SUMMARY: what does TruCluster give me? from Monjar, Daniel on 1998-10-22 (tru64-unix-managers)

From: Monjar, Daniel <Monjar_at_orgtek.com>
Date: Wed, 21 Oct 1998 10:08:34 -0400

I'm not in Kansas anymore. Current version of TruCluster (1.5) doesn't
support VMS style clustering. V2.0 with DUnix 5.0 is supposed to have this
capability. Right now I can setup an NFS service that will fail over to
another box but that is about as far as it goes.

Thanks to:

alan_at_nabeth.cxo.dec.com
Balaji Chandrasekar [digital_at_astro.ocis.temple.edu]
Dr. Tom Blinn, 603-884-0646 [tpb_at_doctor.zk3.dec.com]
Vipin Gokhale, Compaq SBU, Oracle Corporation [VGOKHALE_at_us.oracle.com]
Randall R. Cable [randy.cable_at_mci.com]
Bruce Hines [Bruce.Hines_at_mci.com]
Lars Bro [lbr_at_dksin.dk]
C.Ruhnke [i769646_at_smrs013a.mdc.com]
Randy Rodgers [randy.rodgers_at_ci.ft-wayne.in.us]
K.McManus_at_greenwich.ac.uk
Ryan Ziegler [Zieglerr_at_novachem.com]

All of the respondents said basically the same thing.
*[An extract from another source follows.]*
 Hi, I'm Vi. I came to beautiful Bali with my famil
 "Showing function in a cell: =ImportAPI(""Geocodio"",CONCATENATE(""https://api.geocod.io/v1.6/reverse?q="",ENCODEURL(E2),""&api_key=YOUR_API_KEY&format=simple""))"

For completeness and
the archives I'm going to insert a couple of the replies I got.

First from Chris Ruhnke:
--------------------------------------------
In 25 words (more or less)...

TruCluster doesn't (yet) give you True Clustering in the VMS sense.
Primarily
it gives you fault tolerant disk and application servicing. A UNIX
filesystem
can be physically mounted on only one DU system as of DU 4.0D and TCR V1.5.
The other members of the cluster must access the filesystem via NFS. Of
course with Memory Channel available for TruCluster, these cluster NFS
accesses
can be done more quickly than via Ethernet. The fault tolerance comes into
play when a member of the cluster dies. The disk service (or application
service e.g. database server) can be restarted on a surviving member and
accesses to the disk/application can be resumed -- something VMScluster
did not automatically provide.

Hope that made things a little clearer.

----------------------------------------------

and some good history from Lars Bro:

----------------------------------------------

You cannot do this kind of mounts. DU 5.0 should be able to.

History:
        DECSafe Available Server was the first product to let
        DU systens communicate over a shared SCSI bus and the
        ethernet to decide who were alive. All systems could
        see all disks via the shared SCSI but if two or more
        systems mounted the same filesystem, crash was inevitable.

        It is possible to do reservations on the shared bus, ie.:
        a member reserves a disk and it is now impossible for other
        members to access that disk. Unfortunately, when a system
        boots, it resets all devices on the shared buses meaning that
        all reservations disappear. There is a menu in the management
        program ´asemgr´ to re-reserve the disks according to ASE´s
        understanding of what is the state. Unfortunately, it is at the
        time when systems crash or reboot problems occur and the above
        resetting thing is a great risk. I have personally seen clusters
        go down due to more than one machine mounting the same filesystem
        (and properly logging this) just because of some misunderstanding
        among the machines.

        This is the worst problem since ´failover´ cannot occur
        before all filesystems have been properly unmounted. And
        if just one process has its current directory in a file
        system that is owned by a service, this service will not
        be able to fail over unless the system is rebooted.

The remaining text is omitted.